Early responses from a major Mercer survey still in the field show employers predicting that health benefit cost per employee will rise by 4.2% on average in 2016 after they make planned changes such as raising deductibles or switching carriers. This is consistent with actual cost growth in 2014 (3.9%) and the expected cost growth for 2015.
What is surprising — and encouraging — is the slow-down in the underlying cost growth — the increase employers would expect if they made no changes to their medical plans. Employers said cost would rise by an average of 6.4% in 2016 if they made no changes. That’s down from 7.1% for 2015 and is the lowest rate of underlying cost growth seen since Mercer began collecting this information in 2005, when employers said cost would rise 10% if they made no changes.
With underlying cost growth slowing, employers don’t have to trim as much to get cost increases to a more reasonable level — and that’s good news for both employers and employees.

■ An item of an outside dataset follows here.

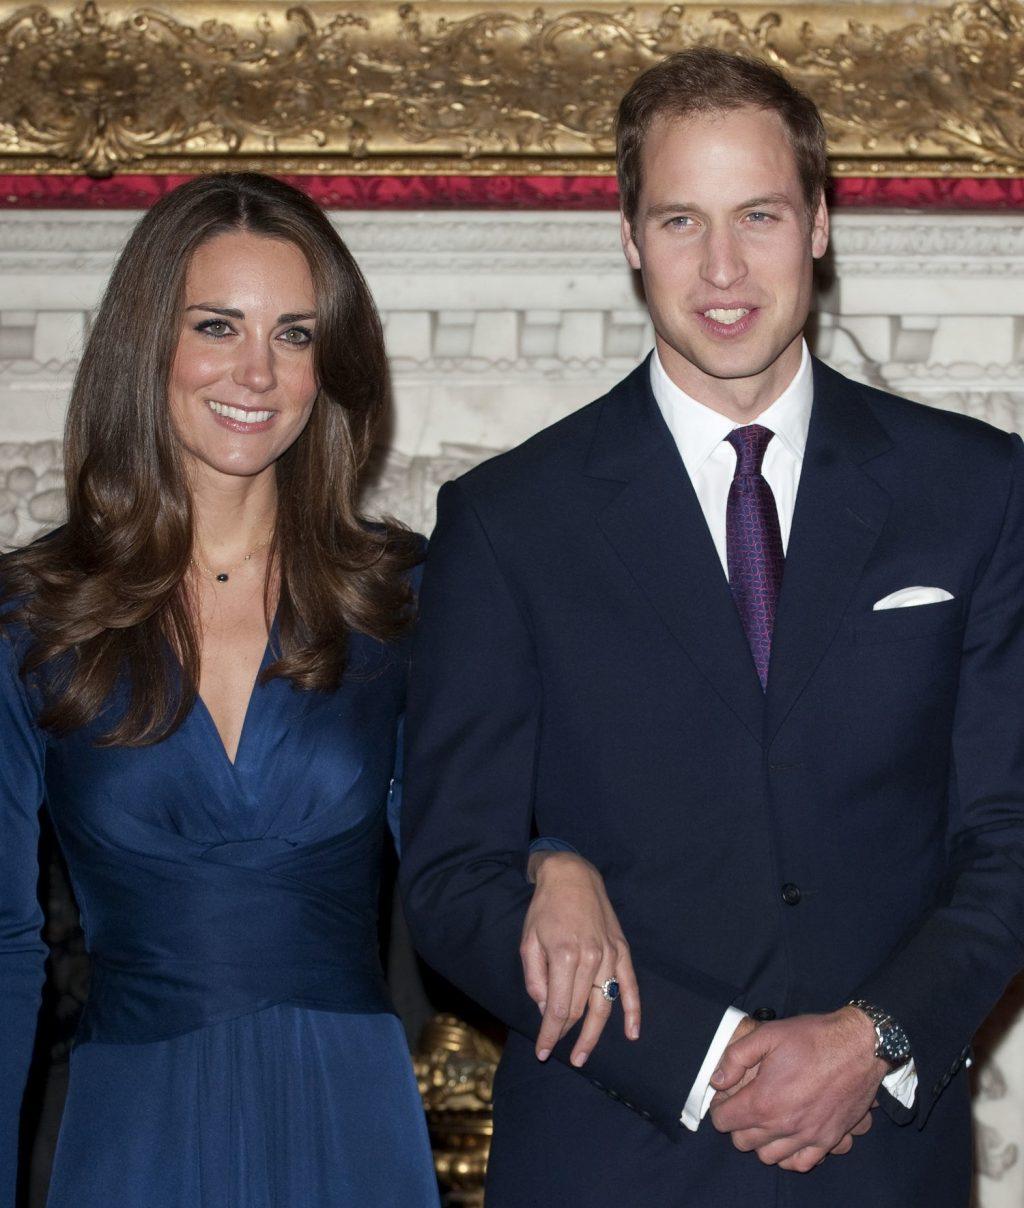 """Cặp đôi hoàng gia đã quyết định """"về chung một nhà"""" vào năm 2010 sau tám năm yêu nhau"""

These results are based on responses from more than 1,200 employers who completed Mercer’s latest National Survey of Employer-Sponsored Health Plans by Sept. 1, 2015.
Despite the slower cost trend, more than half of the survey respondents (54%) plan to make some changes to their programs in 2016. Employers are well aware that the ACA’s excise tax on high-cost plans is slated to go into effect in 2018, even as calls for reform or repeal are mounting. Based on plan cost reported in our 2014 survey, we estimated that about a third of all employers (31%) were on track to reach the excise tax threshold.
The need to keep cost under the threshold has already prompted employers to make significant changes. In fact, one-quarter (25%) of the early survey respondents say they are considering adding a consumer-directed health plan (CDHP) or taking steps to increase enrollment in an existing CDHP specifically to help avoid the tax. This is on top of the 41% that have already done so.
Other ways of avoiding the excise tax include eliminating health care flexible spending accounts (21% of respondents are considering this) and moving to a private benefits exchange (23% are considering). Our experience with our private benefits exchange, Mercer Marketplace™, has been that when employees have a range of medical plan choices and a decision support tool to help them really understand the trade-off between paycheck deductions and cost-sharing, they often decide on a lower level of coverage than they had before.
A whopping 42% of respondents say they are considering adding or expanding programs to improve employee health and well-being — specifically as a way to avoid the excise tax. Many employers believe investments in programs to improve employee health have paid off in medical plan savings.
Where there are many factors contributing to the slow-down in benefit cost growth nationally, efforts to educate, engage, and support employees in improving their health should be on every employer’s to-do list.